Were adverse reactions: identified, reported, and managed? 

Dryness is managed and comfort maintained

Peripheral tissue perfusion is maintained

No evidence of injury

Did client and family express confidence and demonstrate understanding of drug regimen?

Turn and Talk—Case Study #1

A client presents to the emergency department via ambulance with nausea and substernal chest pain. After being assessed by the emergency department physician, it is determined that the client is having an acute myocardial infarction. The physician orders metoprolol (Lopressor) three bolus doses of 5 mg IV. 

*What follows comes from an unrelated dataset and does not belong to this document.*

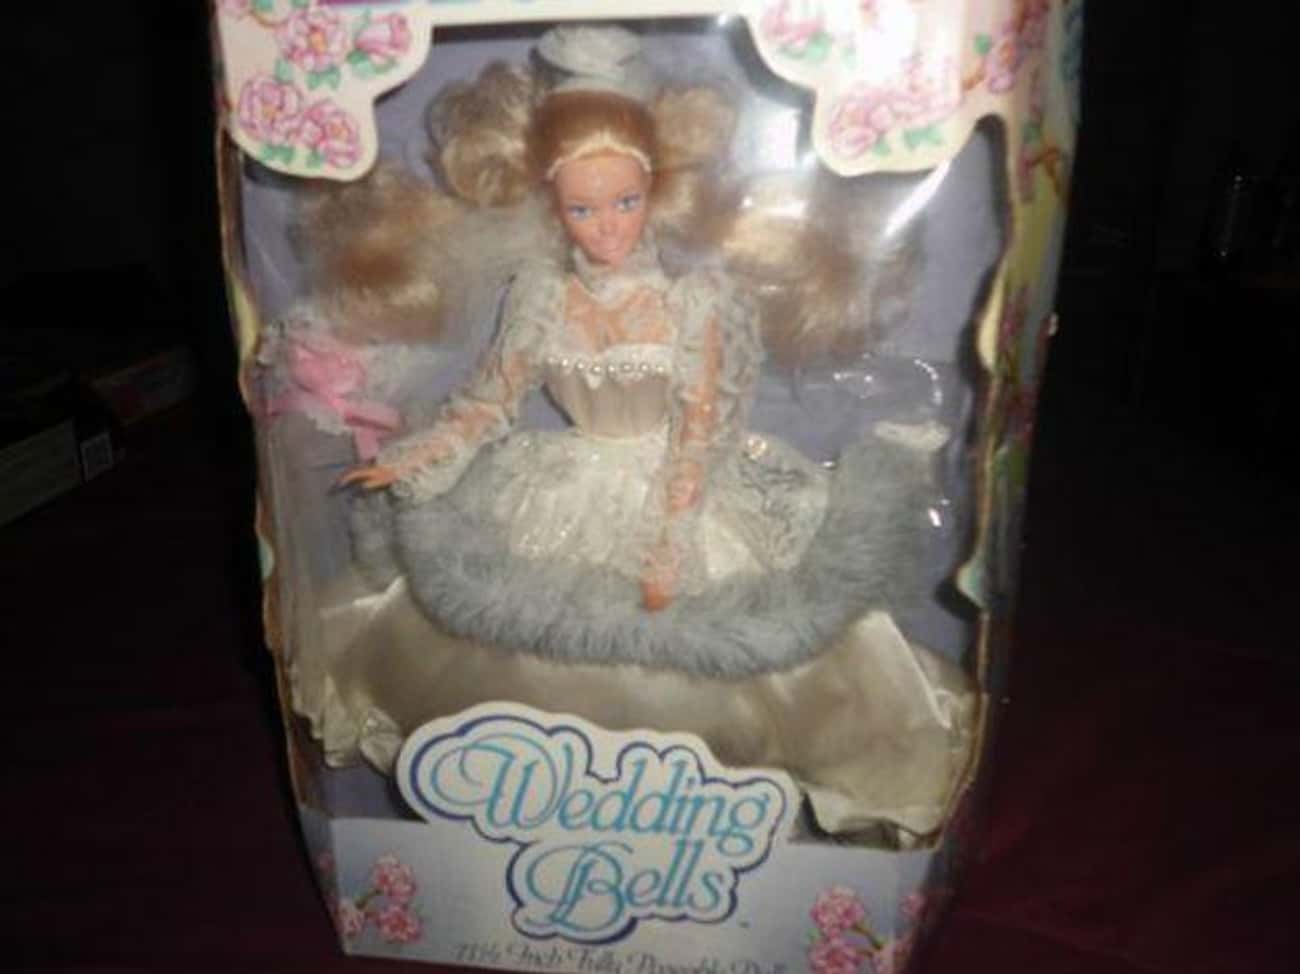 Modern Bride Barbie (1990): $15,900

Before administering the three bolus doses of metoprolol (Lopressor) to the client, what should the nurse’s preadministration include?

What ongoing assessments should the nurse conduct with the client?

Turn and Talk—Case Study #2

A client presents to the emergency department via ambulance with nausea and substernal chest pain. After being assessed by the emergency department physician, it is determined that the client is having an acute myocardial infarction. The physician orders metoprolol (Lopressor) three bolus doses of 5 mg IV. 

The client is to be discharged with a prescription for metoprolol succinate ER (Toprol XL) 50 mg every morning. What should the nurse include in the client’s discharge instructions specifically in regard to the metoprolol?

Turn and Talk—Case Study #3

A client presents to the emergency department via ambulance with nausea and substernal chest pain. After being assessed by the emergency department physician, it is determined that the client is having an acute myocardial infarction. The physician orders metoprolol (Lopressor) three bolus doses of 5 mg IV. 

What should the nurse teach the client to improve the outcomes?